> **Record set**
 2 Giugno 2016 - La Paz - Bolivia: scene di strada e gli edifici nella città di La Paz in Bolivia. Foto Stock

...

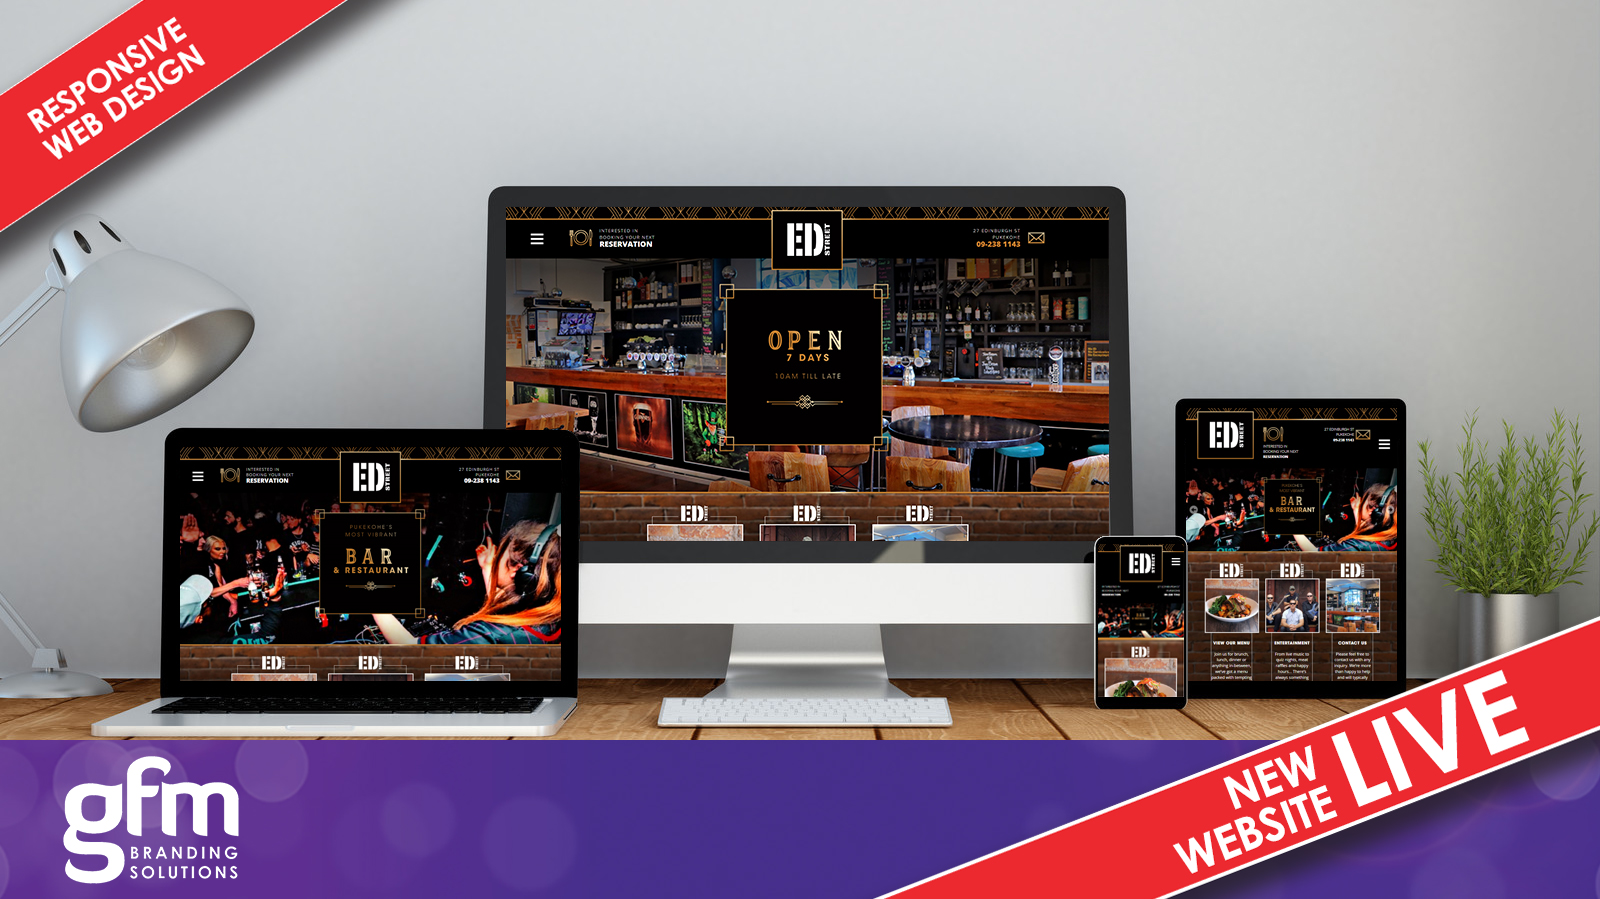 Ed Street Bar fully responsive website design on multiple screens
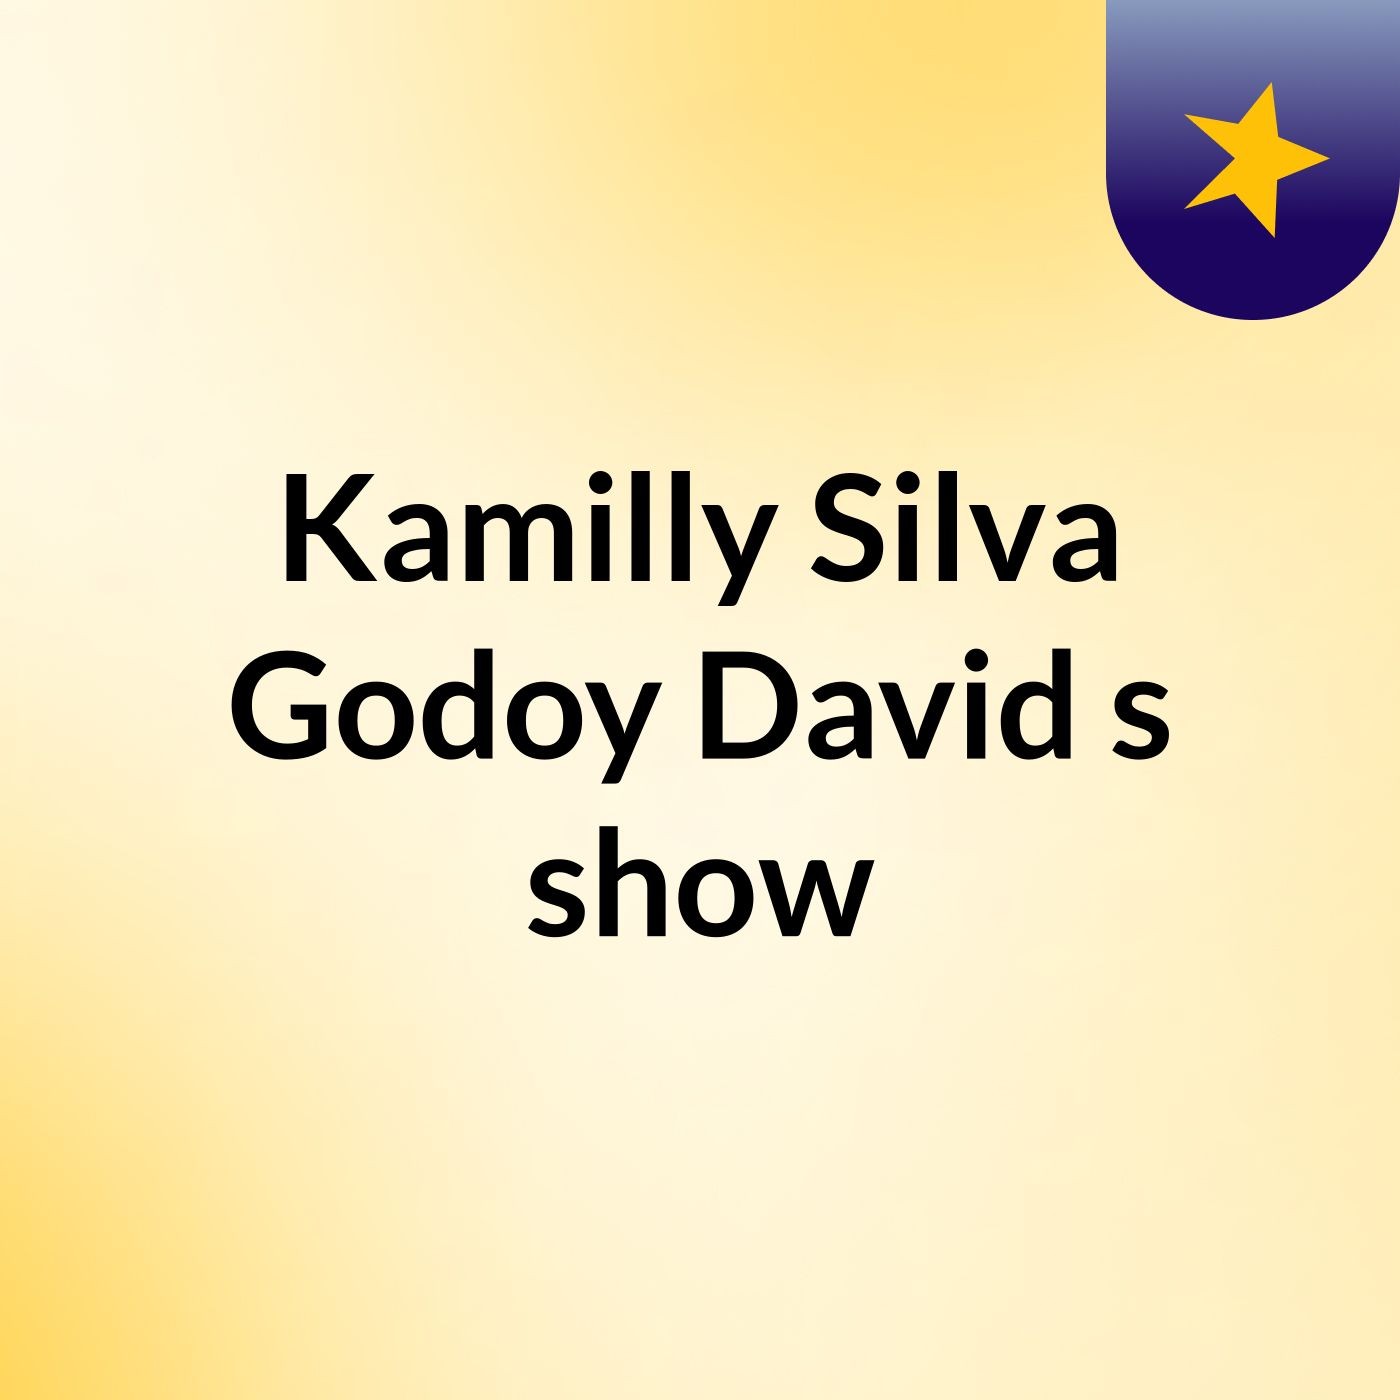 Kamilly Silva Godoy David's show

> **Your objective**
Your answer must be the exact lines from the records above, from the one containing "Ed Street Bar" through the one containing "Kamilly Silva Godoy David's show", both included, with every picture left out.

> **Exercise answer**
 Ed Street Bar fully responsive website design on multiple screens
 Kamilly Silva Godoy David's show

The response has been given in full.